L'Encyclopédie sur la mort


Adolphe et l'idée de la mort

Benjamin Constant

Rendu en Pologne, Adolphe découvrit qu'il s'était rapproché du château d'Ellénore, de dix ans son aînée. Il s'arrêta et prit une autre route retardant l'heure de rencontrer de nouveau Ellénore. Pour Adolphe, la nuit entière s'écoula à parcourir les champs. Il se livre à la pensée de la mort.
De temps en temps, j'apercevais dans quelque habitation éloignée une pâle lumière qui perçait l'obscurité. « Là , me disais-je, là, peut-être quelque infortuné s'agite sous la douleur, ou lutte contre la mort; mystère inexplicable dont une expérience journalière paraît n'avoir pas encore convaincu les hommes; terme assuré qui ne nous console ni ne nous apaise, objet d'une insouciance habituelle et d'un effroi passager! Et moi aussi, poursuivais-je, je me livre à cette inconséquence insensée! Je me révolte contre la vie, comme si la vie devait ne pas finir! Je répands du malheur autour de moi, pour reconquérir quelques années misérables que le temps viendra bientôt m'arracher! Ah! renonçons à ces efforts inutiles; jouissons de voir le temps s'écouler, mes jours se précipiter les uns sur les autres; demeurons immobile, spectateur indifférent d'une existence à demi passée; qu'on s'en empare, qu'on la déchire: on n'en prolongera pas la durée! Vaut-il la peine de la disputer?»
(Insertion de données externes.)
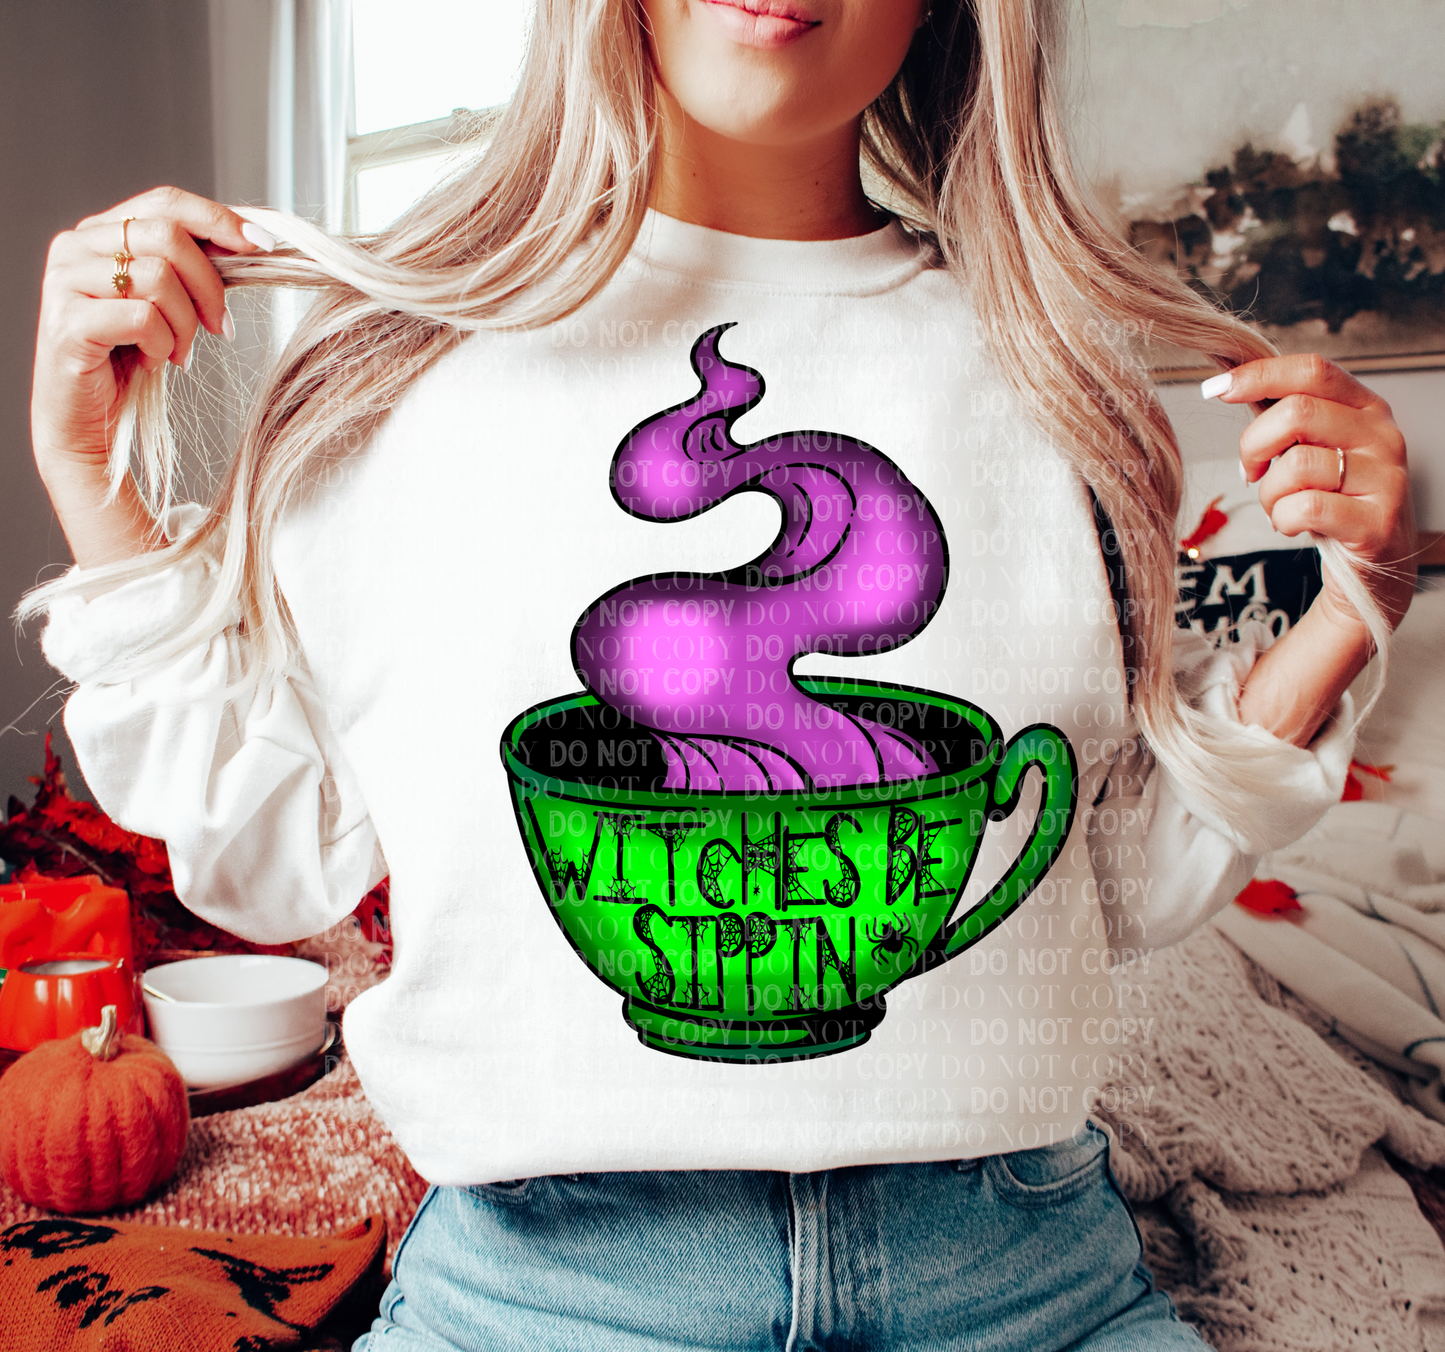 Witches Be Sippin’ Color Digital PNG

L'idée de la mort a toujours eu sur moi beaucoup d'empire. Dans mes afflictions les plus vives, elle a toujours suffi pour me calmer aussitôt; elle produisit sur mon âme son effet accoutumé; ma disposition pour Ellénore devint moins austère. Toute mon irritation disparut; il ne me restait de l'impression de cette nuit de délire que le sentiment doux et presque tranquille; peut-être la lassitude physique que j'éprouvais contribuait-elle à cette tranquillité.